EXERCISE => Once the data has been read, print it back in full, exactly.

RECORD EXCERPTS =>

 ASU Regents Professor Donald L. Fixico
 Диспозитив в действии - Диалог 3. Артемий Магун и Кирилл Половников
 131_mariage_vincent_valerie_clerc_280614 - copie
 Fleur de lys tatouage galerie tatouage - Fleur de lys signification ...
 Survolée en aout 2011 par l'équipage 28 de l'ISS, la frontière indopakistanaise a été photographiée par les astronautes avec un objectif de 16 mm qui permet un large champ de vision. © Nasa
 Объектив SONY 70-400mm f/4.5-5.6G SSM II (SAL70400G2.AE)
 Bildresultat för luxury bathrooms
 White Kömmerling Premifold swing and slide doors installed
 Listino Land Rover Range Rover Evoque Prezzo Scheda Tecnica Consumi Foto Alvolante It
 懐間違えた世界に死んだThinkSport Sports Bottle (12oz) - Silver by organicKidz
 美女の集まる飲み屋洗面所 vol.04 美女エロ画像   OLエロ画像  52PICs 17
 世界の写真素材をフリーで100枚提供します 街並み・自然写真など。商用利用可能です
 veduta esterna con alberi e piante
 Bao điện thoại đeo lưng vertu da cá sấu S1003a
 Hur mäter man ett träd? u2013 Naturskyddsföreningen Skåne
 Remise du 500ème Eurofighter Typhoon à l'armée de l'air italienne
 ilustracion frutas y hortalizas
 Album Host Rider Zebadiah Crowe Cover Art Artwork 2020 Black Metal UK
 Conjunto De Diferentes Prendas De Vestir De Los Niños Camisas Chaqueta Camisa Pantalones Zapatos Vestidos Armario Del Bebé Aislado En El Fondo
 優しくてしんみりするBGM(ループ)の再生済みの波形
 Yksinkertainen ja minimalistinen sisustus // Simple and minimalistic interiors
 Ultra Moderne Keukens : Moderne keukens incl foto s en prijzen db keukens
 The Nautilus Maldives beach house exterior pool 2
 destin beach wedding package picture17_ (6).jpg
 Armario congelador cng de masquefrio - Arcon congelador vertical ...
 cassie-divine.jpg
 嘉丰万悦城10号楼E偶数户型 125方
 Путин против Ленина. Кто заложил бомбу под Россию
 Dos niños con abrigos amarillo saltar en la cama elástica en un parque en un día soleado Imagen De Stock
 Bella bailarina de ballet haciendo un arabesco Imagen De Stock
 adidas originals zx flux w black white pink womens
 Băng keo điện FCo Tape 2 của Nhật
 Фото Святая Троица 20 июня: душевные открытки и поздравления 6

ANSWER SECTION =>
 ASU Regents Professor Donald L. Fixico
 Диспозитив в действии - Диалог 3. Артемий Магун и Кирилл Половников
 131_mariage_vincent_valerie_clerc_280614 - copie
 Fleur de lys tatouage galerie tatouage - Fleur de lys signification ...
 Survolée en aout 2011 par l'équipage 28 de l'ISS, la frontière indopakistanaise a été photographiée par les astronautes avec un objectif de 16 mm qui permet un large champ de vision. © Nasa
 Объектив SONY 70-400mm f/4.5-5.6G SSM II (SAL70400G2.AE)
 Bildresultat för luxury bathrooms
 White Kömmerling Premifold swing and slide doors installed
 Listino Land Rover Range Rover Evoque Prezzo Scheda Tecnica Consumi Foto Alvolante It
 懐間違えた世界に死んだThinkSport Sports Bottle (12oz) - Silver by organicKidz
 美女の集まる飲み屋洗面所 vol.04 美女エロ画像   OLエロ画像  52PICs 17
 世界の写真素材をフリーで100枚提供します 街並み・自然写真など。商用利用可能です
 veduta esterna con alberi e piante
 Bao điện thoại đeo lưng vertu da cá sấu S1003a
 Hur mäter man ett träd? u2013 Naturskyddsföreningen Skåne
 Remise du 500ème Eurofighter Typhoon à l'armée de l'air italienne
 ilustracion frutas y hortalizas
 Album Host Rider Zebadiah Crowe Cover Art Artwork 2020 Black Metal UK
 Conjunto De Diferentes Prendas De Vestir De Los Niños Camisas Chaqueta Camisa Pantalones Zapatos Vestidos Armario Del Bebé Aislado En El Fondo
 優しくてしんみりするBGM(ループ)の再生済みの波形
 Yksinkertainen ja minimalistinen sisustus // Simple and minimalistic interiors
 Ultra Moderne Keukens : Moderne keukens incl foto s en prijzen db keukens
 The Nautilus Maldives beach house exterior pool 2
 destin beach wedding package picture17_ (6).jpg
 Armario congelador cng de masquefrio - Arcon congelador vertical ...
 cassie-divine.jpg
 嘉丰万悦城10号楼E偶数户型 125方
 Путин против Ленина. Кто заложил бомбу под Россию
 Dos niños con abrigos amarillo saltar en la cama elástica en un parque en un día soleado Imagen De Stock
 Bella bailarina de ballet haciendo un arabesco Imagen De Stock
 adidas originals zx flux w black white pink womens
 Băng keo điện FCo Tape 2 của Nhật
 Фото Святая Троица 20 июня: душевные открытки и поздравления 6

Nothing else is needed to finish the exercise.